Öte yandan Franz, doğumundan gurur duyan babayla özdeşleşmiş, Babanın güven veren gücüyle de. Baba Kafka torununun (Felix'in) yatırılma seremonisinde belirginleştiği gibi sevgiye aç, gurura susamış, beden yakınlığını arayan ve de çok kolay çocuklaşabilen bir kişi. Koskoca bedeni ve birçok kişiyle (hizmetçi kız, onun ardında babam, onun ardında kayınbiraderim, onun ardında kızkardeşim) küçücük bebeğin peşinde oluşu en azından bunu düşündürüyor. Babanın doğumdan çok sonra algılandığı, anne ile çocuk arasındaki agresyonları absorbe etme gibi işlevleri olduğu görüşlerini göreceleştirmek gerekiyor. Yeni doğmuşların ailenin duygusal ortamındaki değişimleri algılama yetileri içinde baba, yerini çok daha önceleri almış bulunuyor.burda annenin taşıdığı ve ve oğluna simgelediği ''iyi çocuk'', ''ideal baba'' imgeleri kadar babanın ayartılarının, yakınlık arayışlarının (Felix'te olduğu gibi) etkilerini de gözardı etmemek gerekiyor. Baba böylece en erken çocukluk döneminde annenin yerini en azından belli bir alanda almış görünüyor; anne de bunun için elinden geleni yapmış. Babanın gücüyle ayartılarının çekiciliği Franz?ın preödipal evrede, ayrışma süreçlerini yaşamadan bir üst katmana atlamasını sağlamış. Bu ilerleyici süreçte (progresyon) preödipal evrede ayrışma (yas), bağımlılık sorunları, ödipal evrede ise ensest korkularından kurtuluş arayışları vardır.

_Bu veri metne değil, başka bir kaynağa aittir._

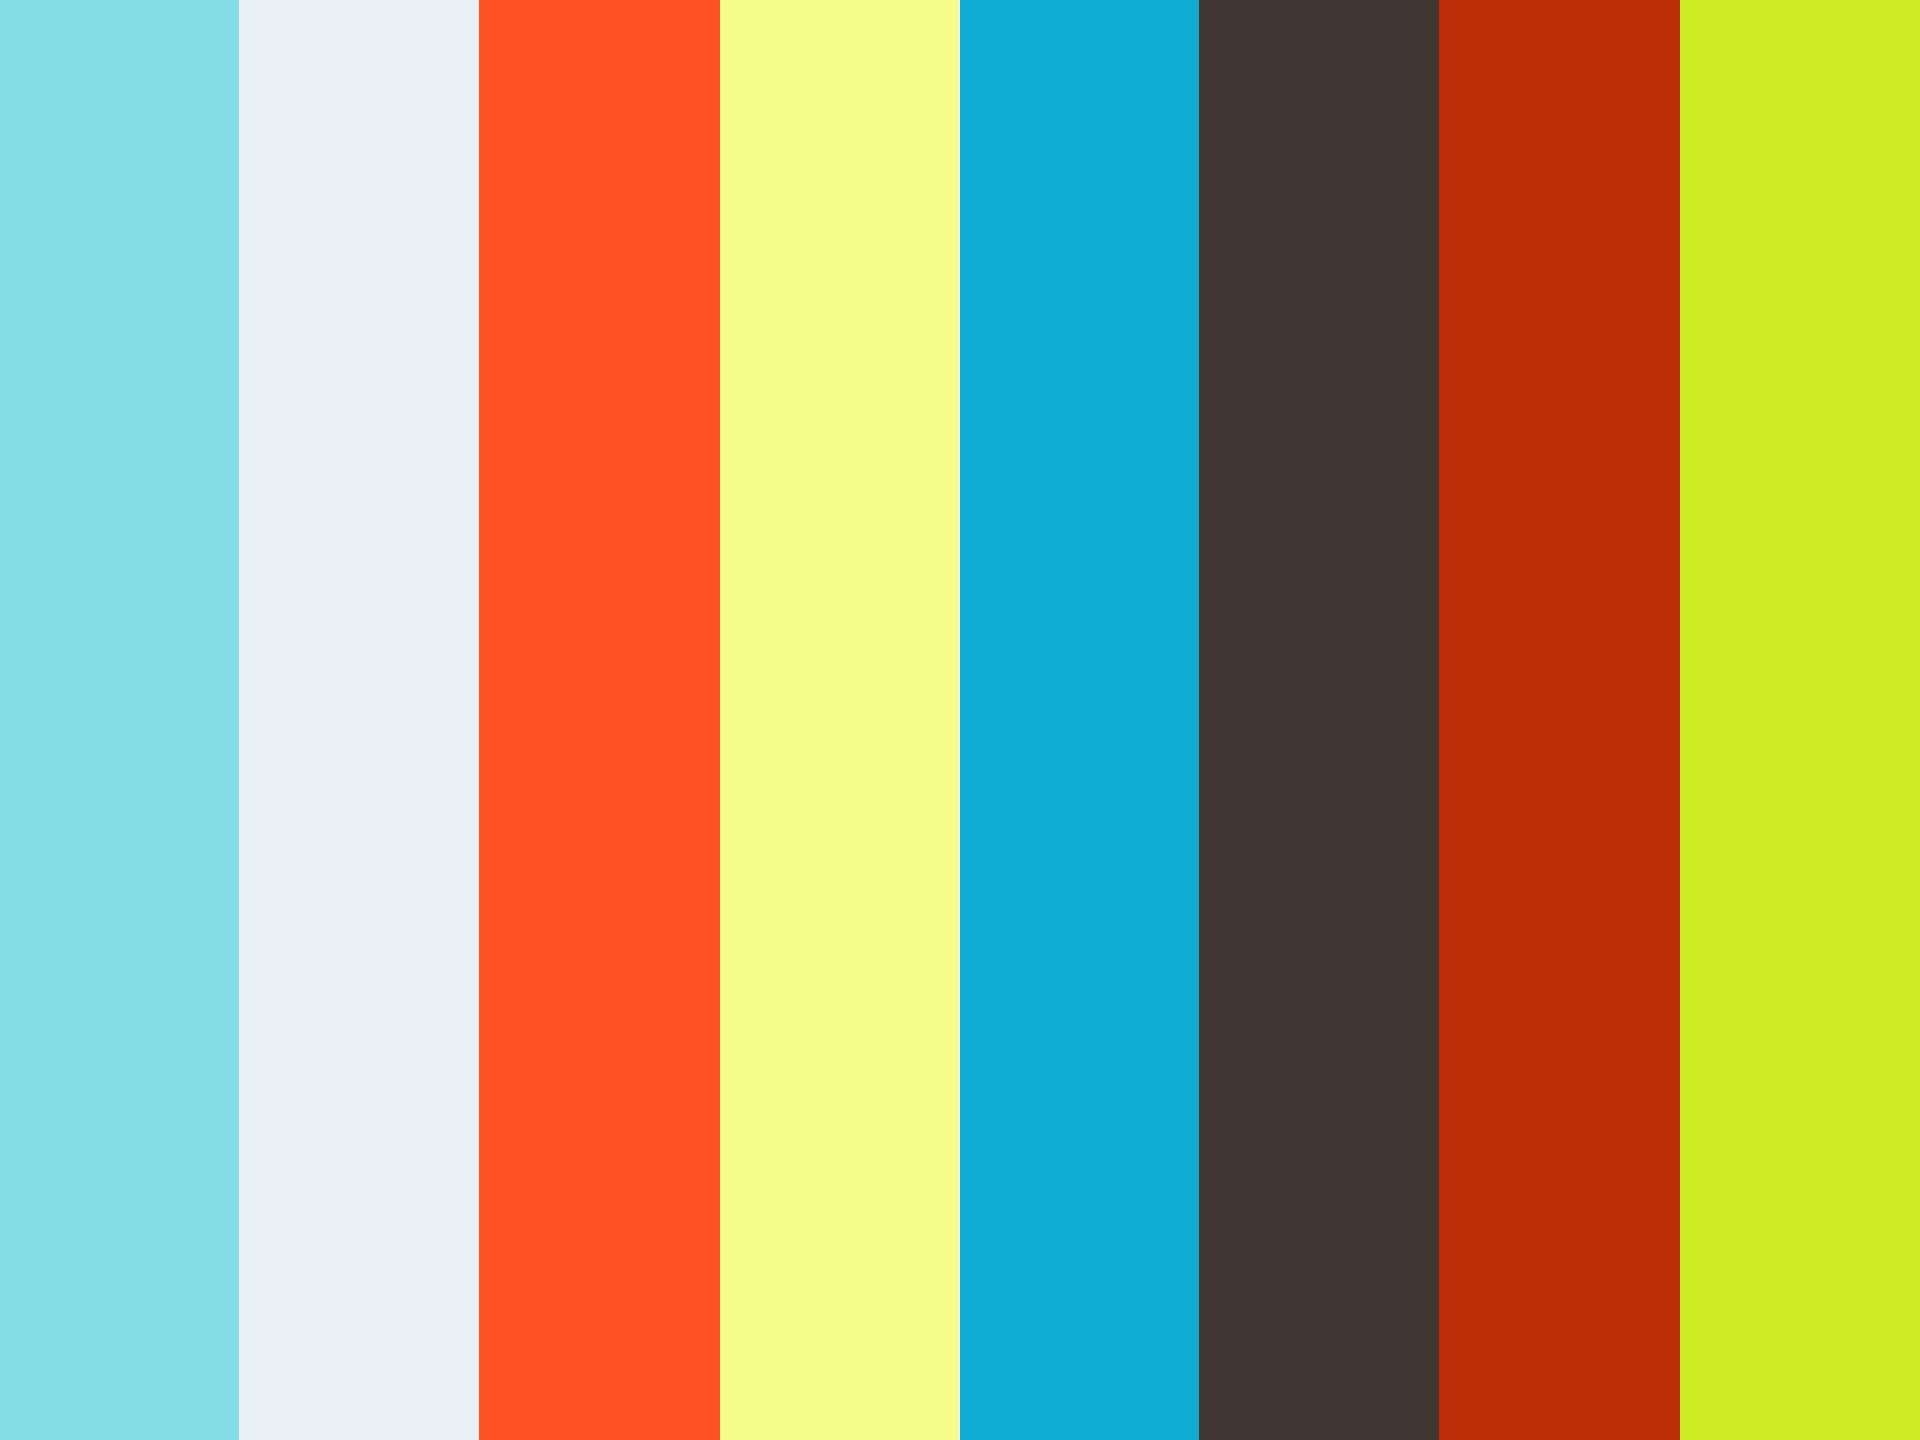 【多啦a夢粵語 機器貓粵語版】 第11集 秘密間諜大作戰_low on Vimeo

Ama Franz'ın öfkeli babayı içselleştirme zorunda kalması çok gecikmemiş: Alay eden, kötüleyen, aşağılayan tehlikeli bir gücü olan babayı da içselleştirmiş, güç Franz için hem yapıcı gurur veren hem de yıkıcı korku veren özellikler kazanmış. "Benim bir dostum, amirim, amcam, büyükbabam, hatta kayınpederim olabilseydin çok daha mutlu olurdum. Benim için baba olarak çok güçlü bir kimseydin. Hele erkek kardeşlerimin ölmesi, kızkardeşlerimin geç doğmaları nedeniyle ilk öfkelerine ben katlanmak zorunda kaldım; bunun için de çok güçsüzdüm. Herhalde çocukların, herşeyden önce de ben, seni düşkırıklıklarına uğratmadan, seni durgunlaştırmadan önce neşeli bir insandın. Torunun ve damadından aldığın sıcaklıkla yeniden neşeni kazanmış görünüyorsun, çocukları nın sana veremediği sıcaklığı da'' (Kafka 1996).